If the person’s remarks are any indication of things, it is safe to say that our perception of philosophy is much more like our perception of physics than not, although obviously physics requires a command of mathematics that is not required of philosophy (except in a few subfields of the discipline). I have subsequently learnt from others that the primary focus of my research is race theory. Have I written about race? Absolutely! But so has Ronald Dworkin; and no one thinks for a moment that race theory is the primary focus of his research. I written much about friendship and forgiveness and the structure of evil.
As for the relevance of the black experience to philosophy, what I think is that there are fascinating ways in which the black experience can be extremely philosophically illuminating. And that was the central point of “Upside-Down Equality: A Response Kantian Thought” — and not at all the character and structure of racism. Interestingly, what I argued in the essay is that whites in South Africa have an understanding about equality generally that few individuals, be they black or white, in Europe and North American can grasp.
Putting these considerations together, perhaps one reason why a few of my colleagues think that I am arrogant may have more to do with their conception of the ethnicity of who should be a successful philosopher and, in particular, who should be a successful philosopher in the Syracuse University Department of Philosophy. For just as in this blog-entry I have only drawn attention to two essays that I have published (and my blog-entries generally are not about my publications and accomplishments), I say next to nothing to my colleagues about the things that I have done professionally. Indeed, I am not around them enough to do so.
Alas, when I arrived at Syracuse University Philosophy Department, the most successful of philosophers by far were all white: William Alston, Jonathan Bennett, and Peter Van Inwagen. It is simply false nowadays that the most successful of philosophers in the Department by far are all white. And that, I suspect, is a reality that no one saw coming. Significantly, this could be a more disturbing truth to some old-timers than is the truth that the Philosophy Department no longer has the stature it once had.

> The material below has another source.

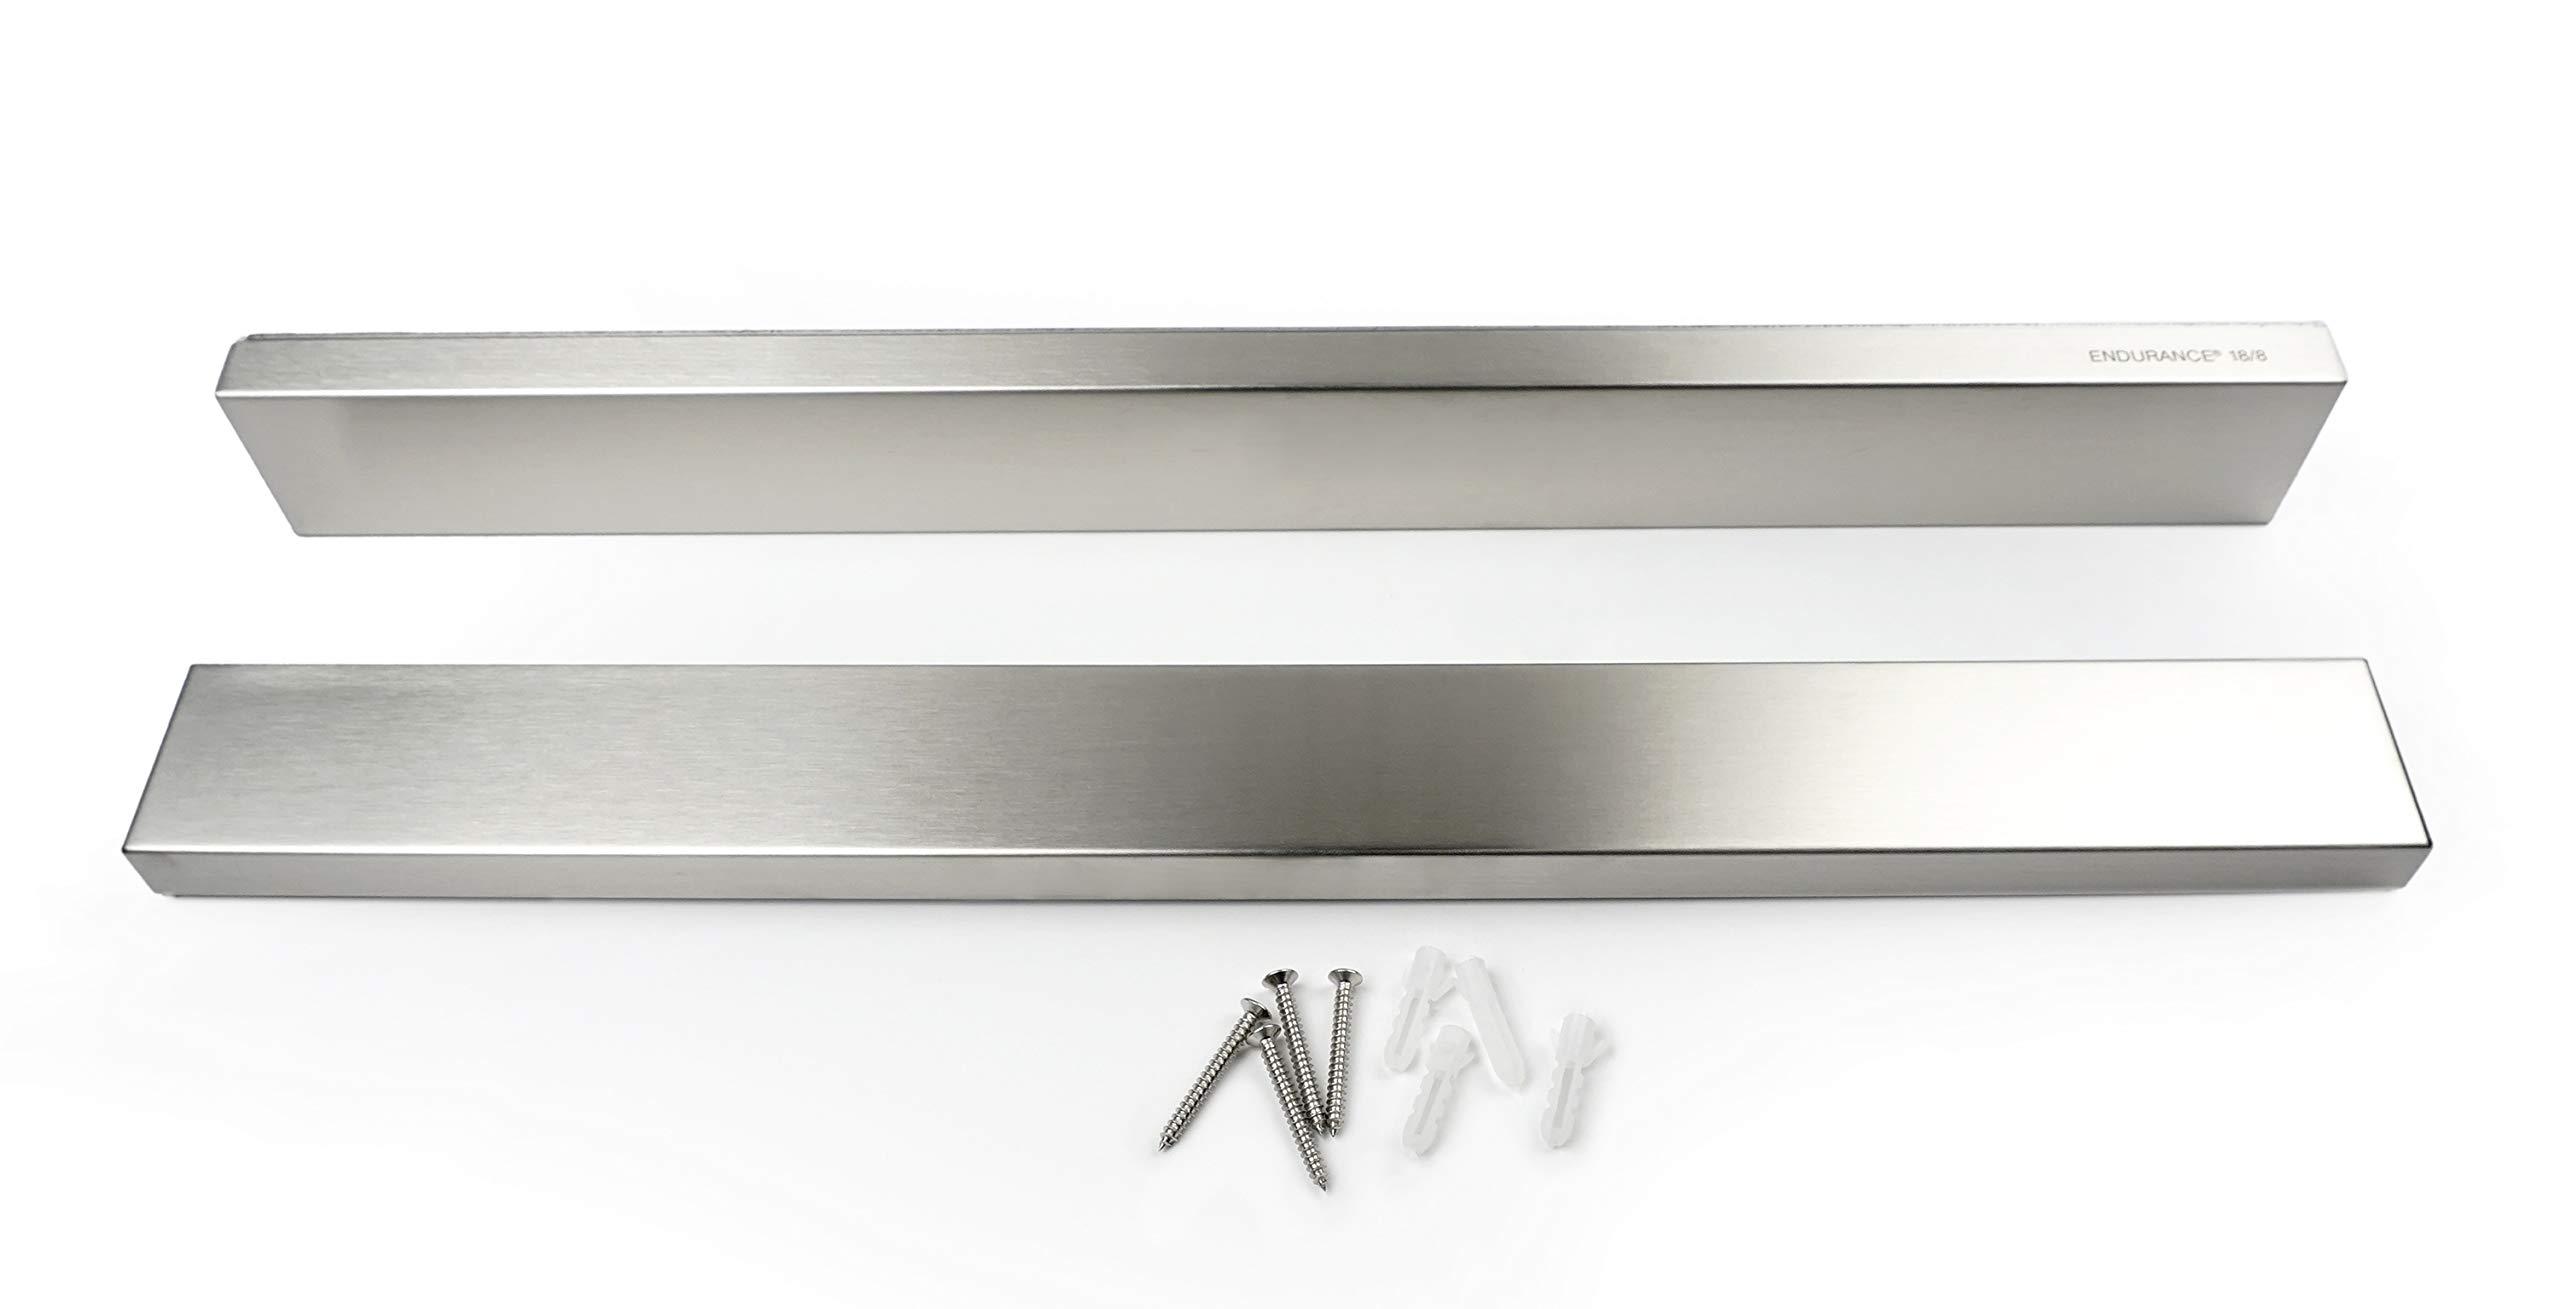 RSVP Endurance 18/8 Stainless Steel Deluxe Magnetic Knife Bars, Set of 2, 18-inch

As a whole, you break many molds. Your race only happens to be the most apparent. The others, including your religion, political stance, fierce independence, and LACK of arrogance, is hard for some to grasp. They wonder, why does a successful person not seek praise? Along with many other questions. The main question being, why doesn’t he conform to the rest of us? They gave up something (could be any number of things) in exchange for the comfort and utility of a group. But you were sufficient without the exchange, and that feels threatening. For those who see colleagues or peers as competitors, this is perhaps the most threatening of feelings because it implies that the other person is inherently better off. The independent person indeed is better off, but mainly for the reason that he makes choices regardless of such petty fears.